Double genetic modification of adenovirus fiber with RGD polylysine motifs significantly enhances gene transfer to isolated human pancreatic islets.

Background: New strategies for improving durable functional islet mass will be instrumental in facilitating islet transplantation as a cure for type 1 diabetes mellitus. The ability to transfer immunoregulatory or cytoprotective genes into pancreatic islets may enhance survival. Adenoviral vectors (Ad5) have been used widely to deliver therapeutic genes to different tissues. Limitations associated with the use of Ad5 for gene therapy are related to the reliance of the virus on the presence of its primary receptor, the transient nature of the transgene expression, and the immediate inflammatory and immune response elicited by the infection. Because the arginine-glycine-aspartame (RGD) and polylysine (pK7) motifs have been shown to enhance Ad5 infection through an Ad5 receptor-independent pathway, we hypothesized that they could act additively to improve infectivity and reduce toxicity to isolated human pancreatic islets (IHPI).

Methods: Hand-picked IHPI were infected with nonmodified Ad5, single-modified Ad5 with RGD (Ad5RGD) or pK7 (ad5pK7), and Ad5RGDpK7. Transfection efficiency was evaluated by green fluorescent protein and luciferase expression. Apoptosis was assessed using a quantitative assay, activation of caspase 3 by a colorimetric assay, nuclear factor (NF)-kappaB nuclear translocation using a promoter-luciferase NF-kappaB responsive construct, regulated on activation normal T-cell expressed and secreted (RANTES) by enzyme-linked immunosorbent assay. In vivo functionality was evaluated after transplantation into diabetic nonobese diabetic severe combined immunodeficiency mice.
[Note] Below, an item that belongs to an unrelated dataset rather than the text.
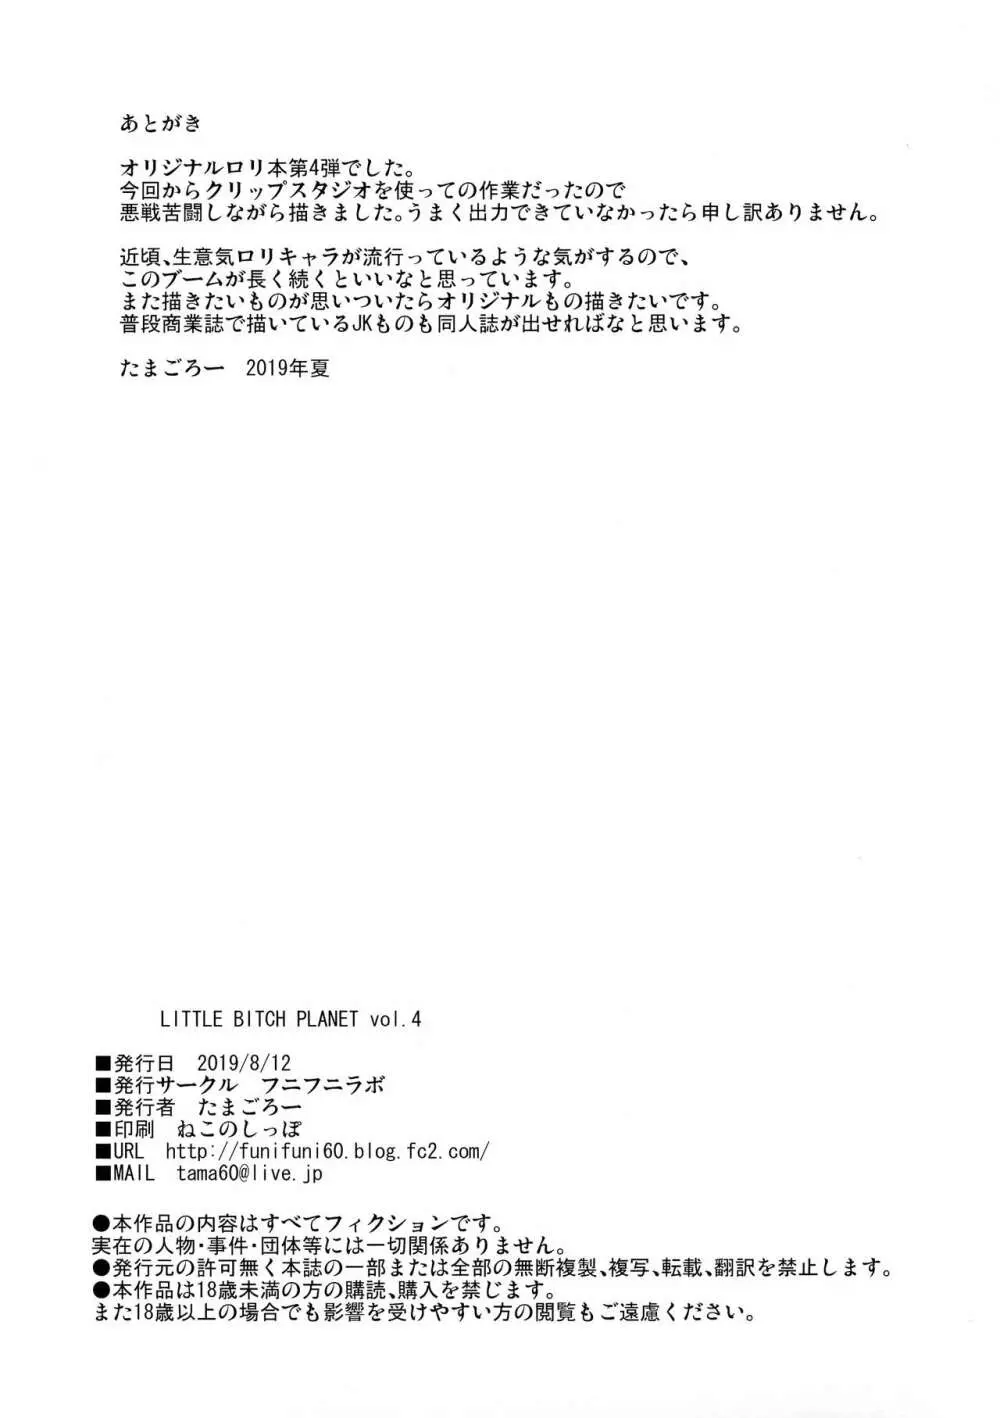 LittleBitchPlanet vol.4 28ページ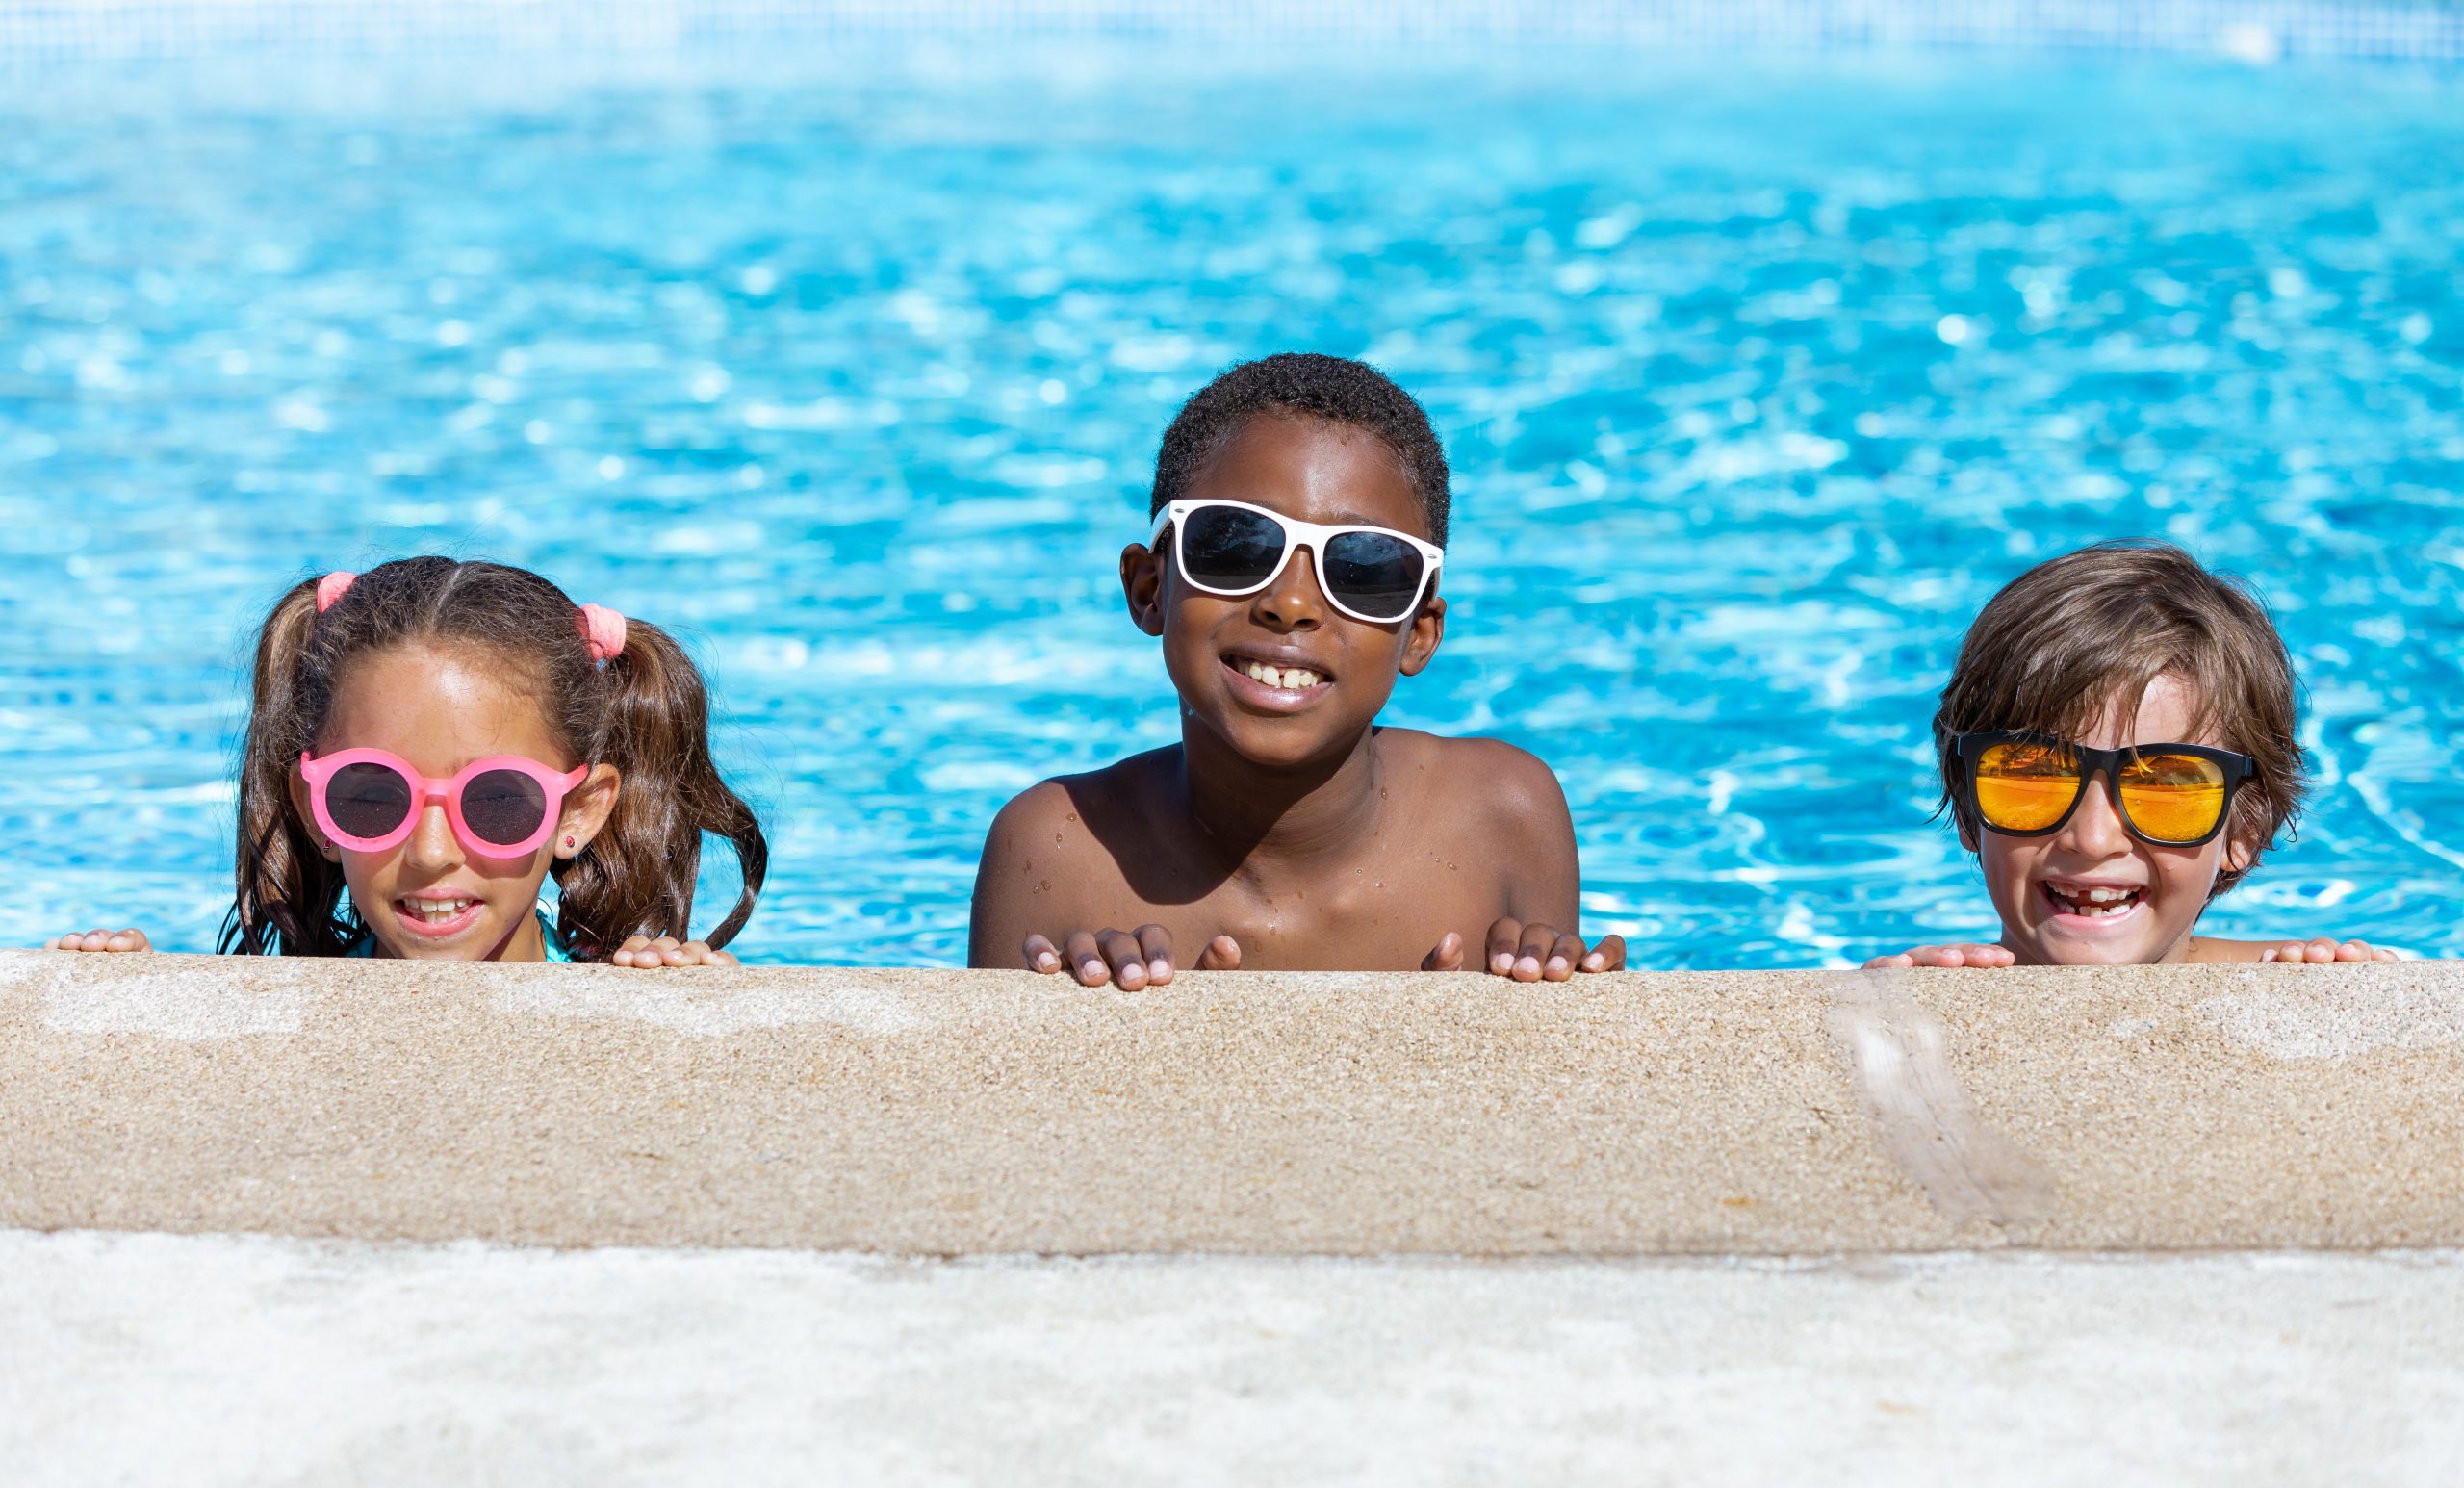 Three kids wearing sunglasses in a pool.

Results: Compared with unmodified and singly-modified Ad5 vectors, Ad5RGDpK7 demonstrated the highest infectivity. After the infection of IHPI with adenoviral vectors using the minimal dose required to infect greater than 80% of the islet cells (Ad5, 500 viral particles [VP]/cell; Ad5RGD and Ad5pK7, 10 VP/cell; Ad5RGDpK7, 0.1 VP/cell), islets infected with Ad5RGDpK7 presented a significant reduction in apoptosis, NF-kappaB nuclear translocation, RANTES expression, and higher glucose disposal rate; reduced Ad5-driven specific Th1 and antibody response were also observed.

Conclusions: Ad5RGDpK7 exhibited higher transfection efficiency, allowing a significant reduction in the viral dose required to infect greater than 80% of the islet cells. The reduction in the viral dose was associated with reduced toxicity, inflammation, and immune responses related to Ad5 infection. This strategy may thus be used to successfully modify isolated pancreatic islets.